Date: 29 Nov 2000 18:10:35 -0000

> From: Dirk Herrmann <address@hidden>
> Date: Wed, 29 Nov 2000 12:27:23 +0100 (MET)
> 
> On Tue, 28 Nov 2000, Dirk Herrmann wrote:
> 
> > I'd like to get rid of the SCM_STRING_UCHARS macro and clean up the
> > handling of characters and strings with respect to signedness.  In other
> > words, it should be clearly defined what kind of characters are to be
> > found in a scheme string object.
> 
> Surprisingly, changing SCM_STRING_CHARS to always return an unsigned char*
> doesn't seem to have any effect at all.  Not a single additional compiler
> warning message.  Hmmm.  Why is that?  As far as I know, it is not
> specified whether a char is a signed or an unsigned value.  Thus, a char*
> could potentially be a pointer to a signed char or an unsigned
> char.  Assigning these pointer types to each other should at least cause a
> compiler warning, shouldn't it?

In C++ the compiler typically refuses to convert between char * and
unsigned char * without a cast.  In C it doesn't usually matter what
kind of char * you use.  I think the only time it makes any difference
is when converting a char to an int.

If you have:

char a = -1;
unsigned char b = a;

a and b have the same bit pattern, they still represent the same
character.

Two approaches that Guile could take are:

1) For the macros that give pointers to chars in an SCM object: provide
char * and unsigned char * versions.  This is probably best for people
who have to deal with C++ and need the right pointer for whatever they
are going to do with the characters.  I suppose for completeness there
should be signed char * versions too, but I guess they wouldn't be
used very often.

For functions, do what the C standard library does and use char *.
People linking Guile into other programs are not likely to find this
surprising.

Care is needed when converting char to int.
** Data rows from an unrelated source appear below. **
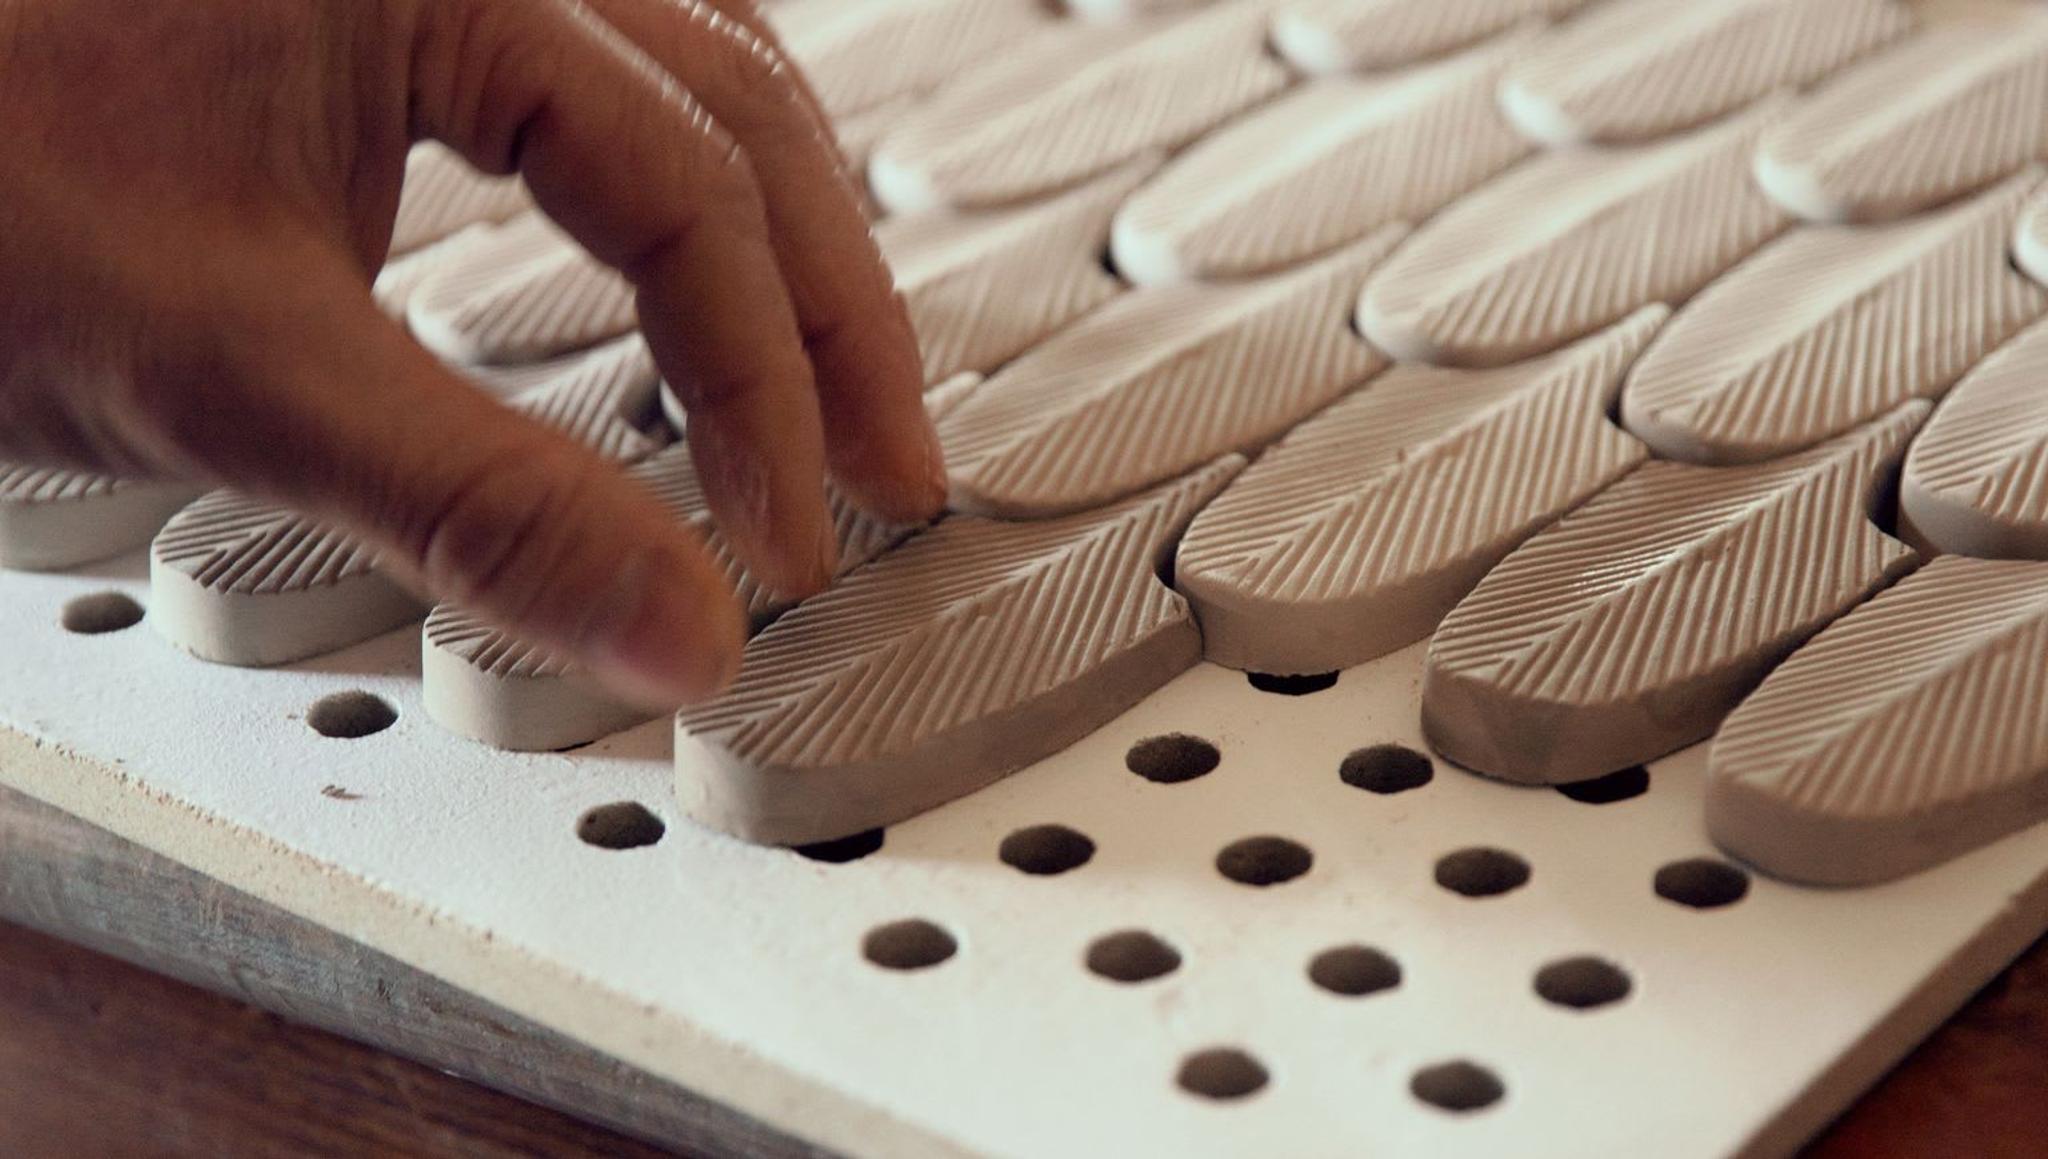 BottegaNove: reinventando la cerámica tradicional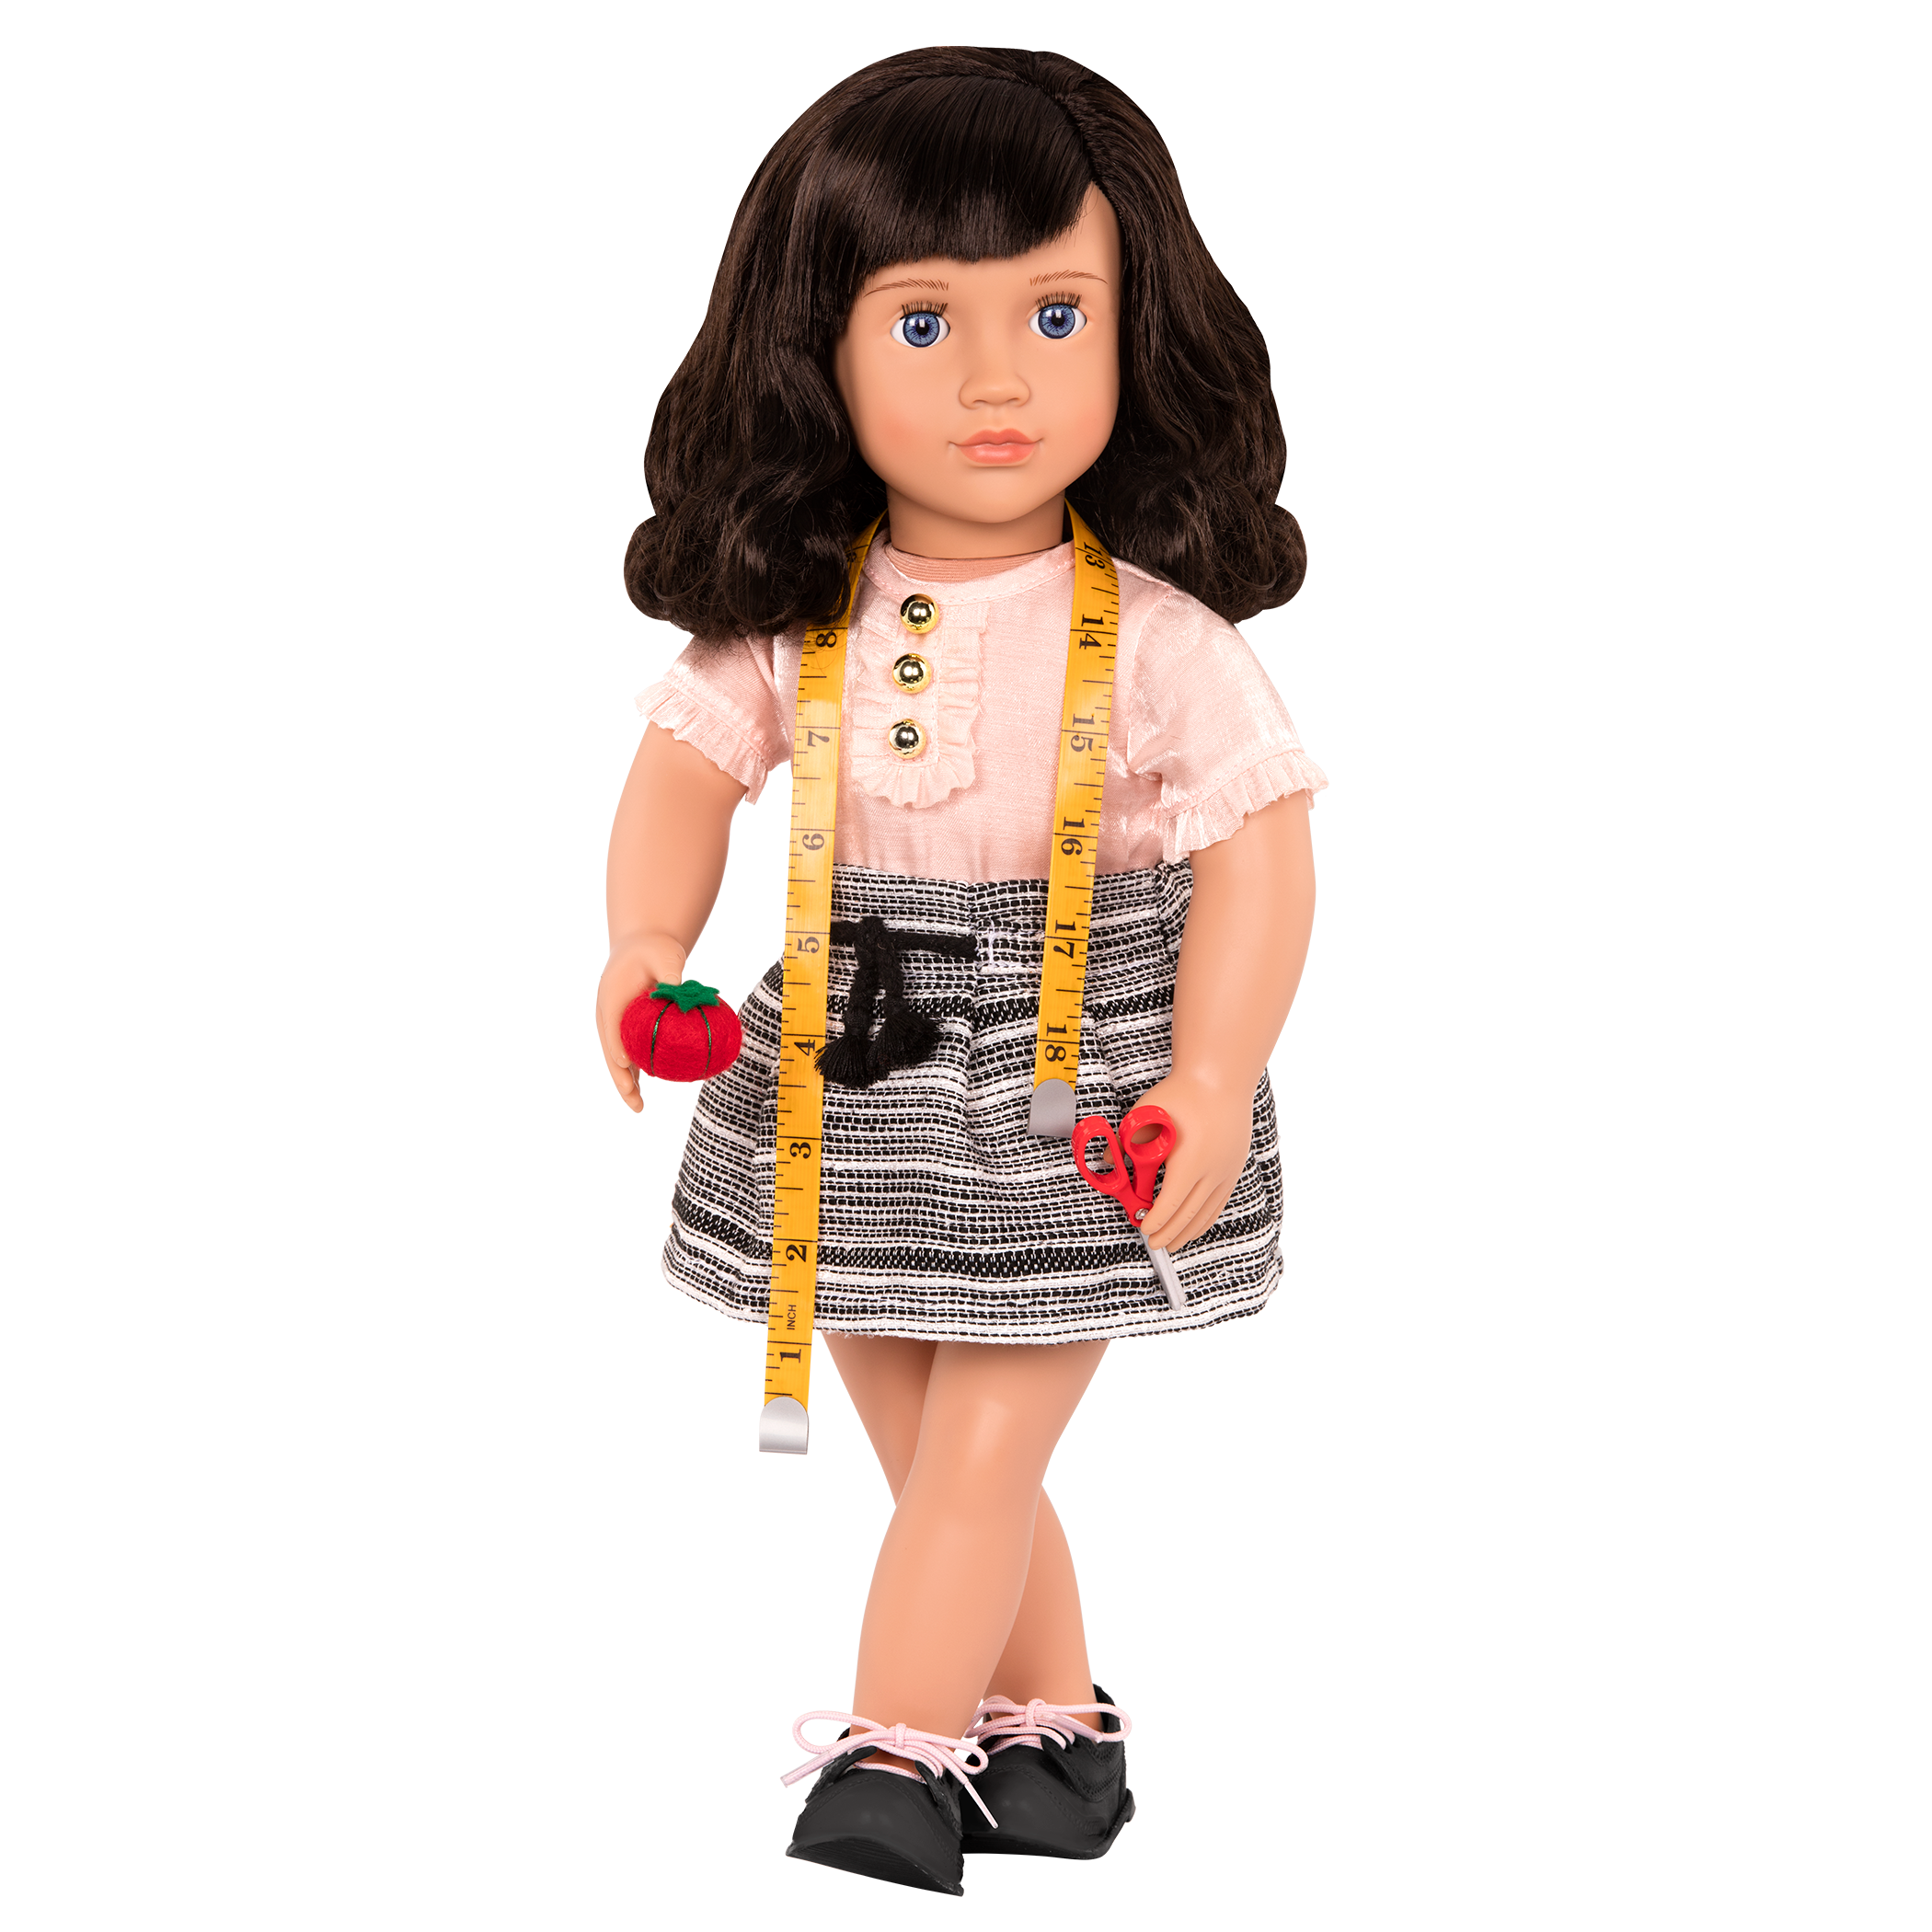 18-inch fashion designer doll with dark-brown hair, blue eyes and designing accessories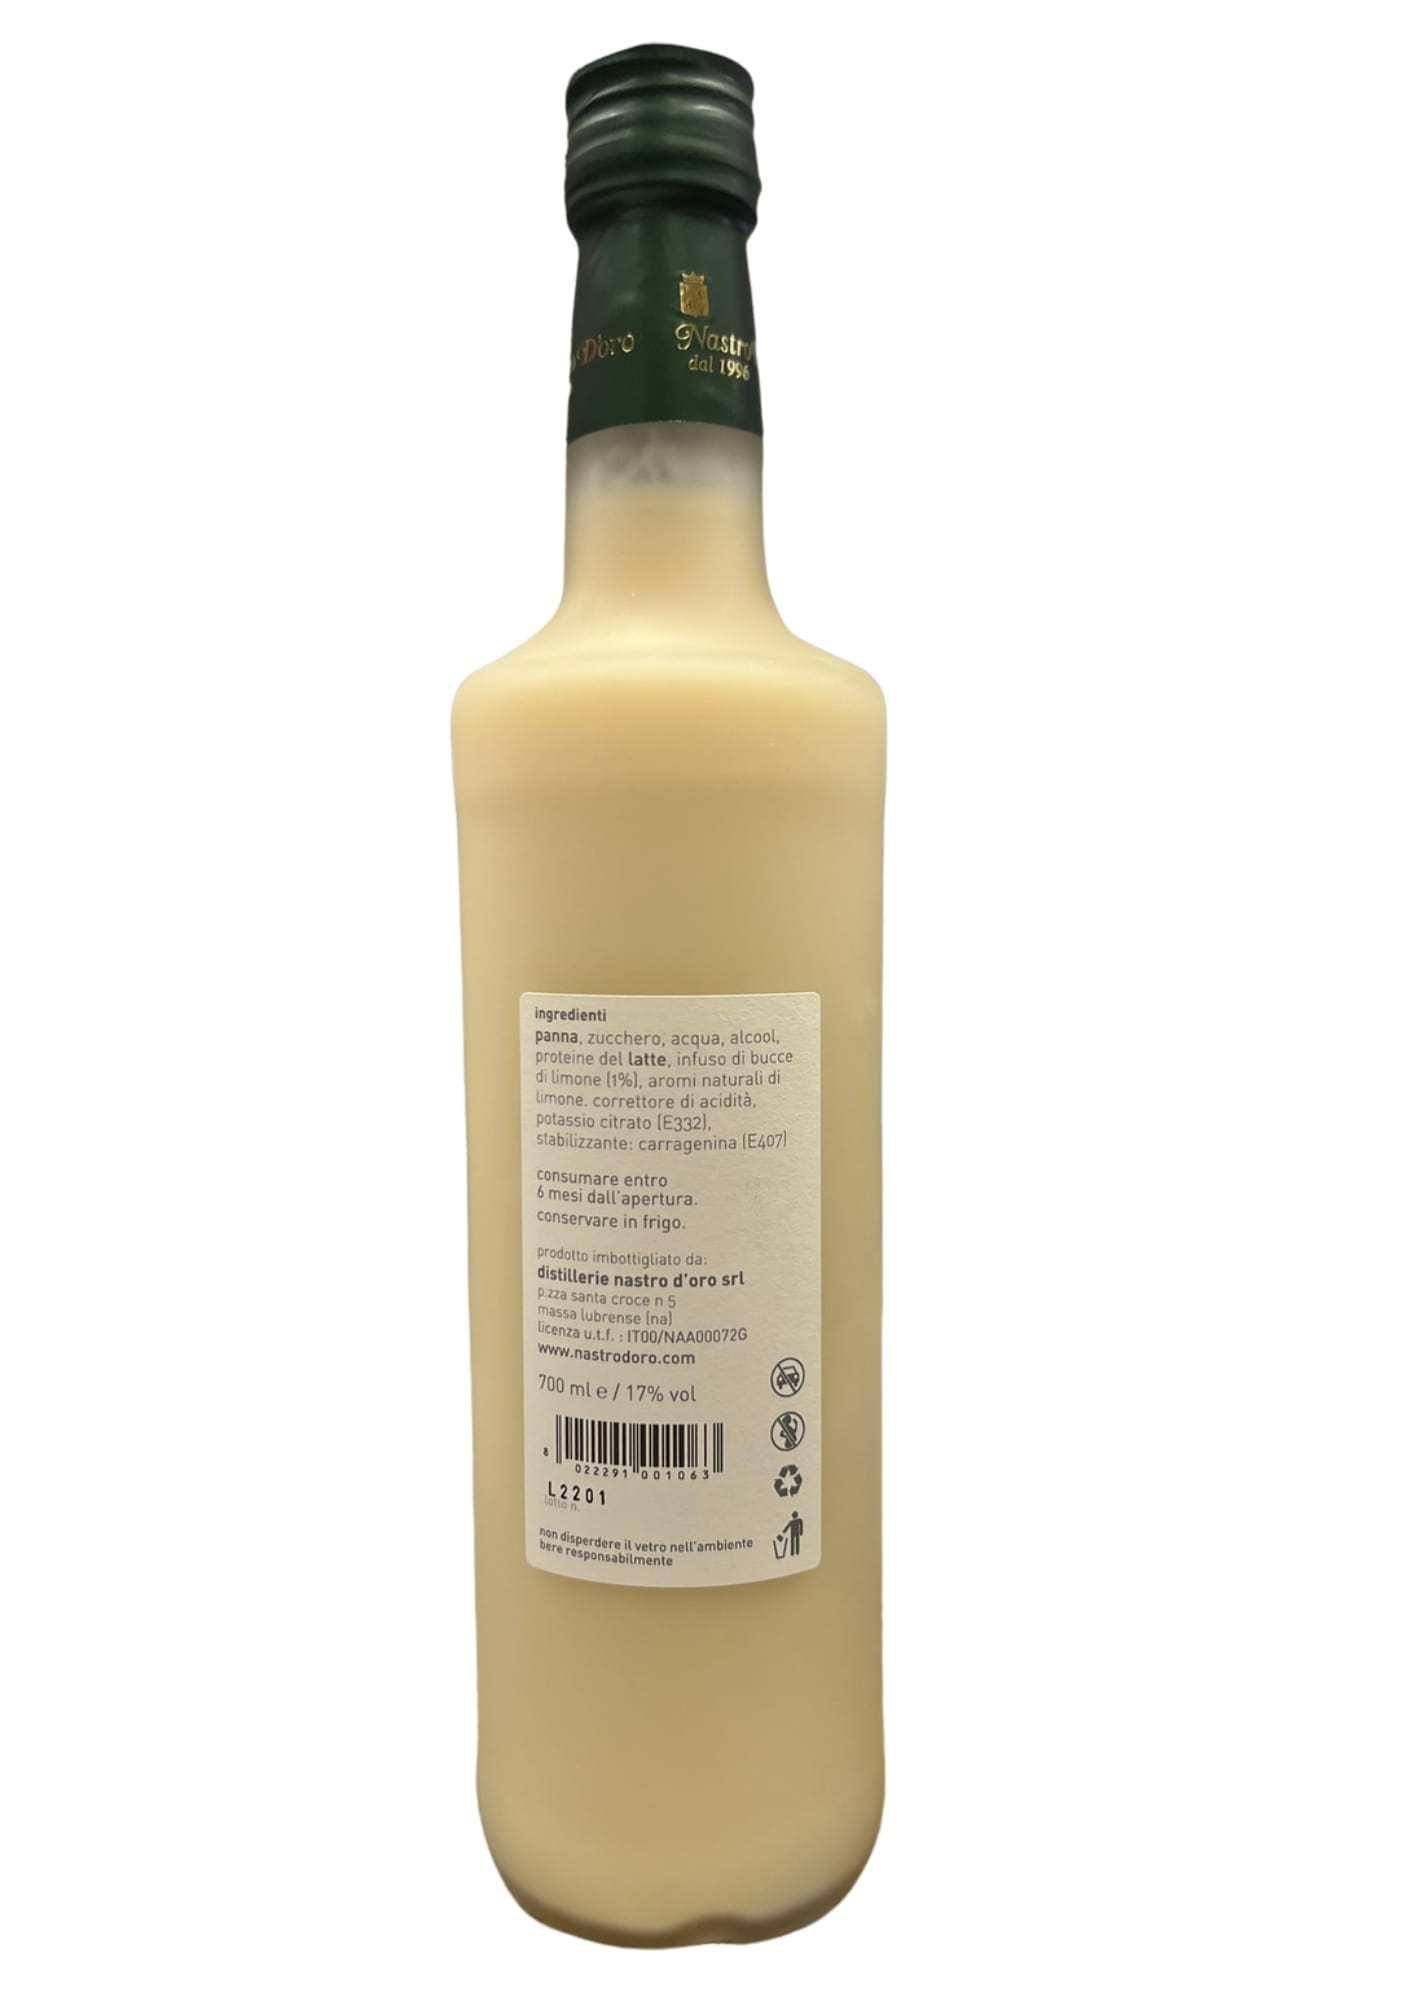 Nastro D'oro Crème de liqueur artisanal de citron

2) Use unsigned chars throughout.  This may reduce char->int problems
but may be painful in C++ since you must cast pointers before you can
use strlen etc.  In this case there probably should be a
SCM_STRING_UCHARS macro and no SCM_STRING_CHARS, to avoid confusion.

It seems to me that 1) is more or less what we are doing now, and it isn't
clear whether switching to 2) would be a good thing.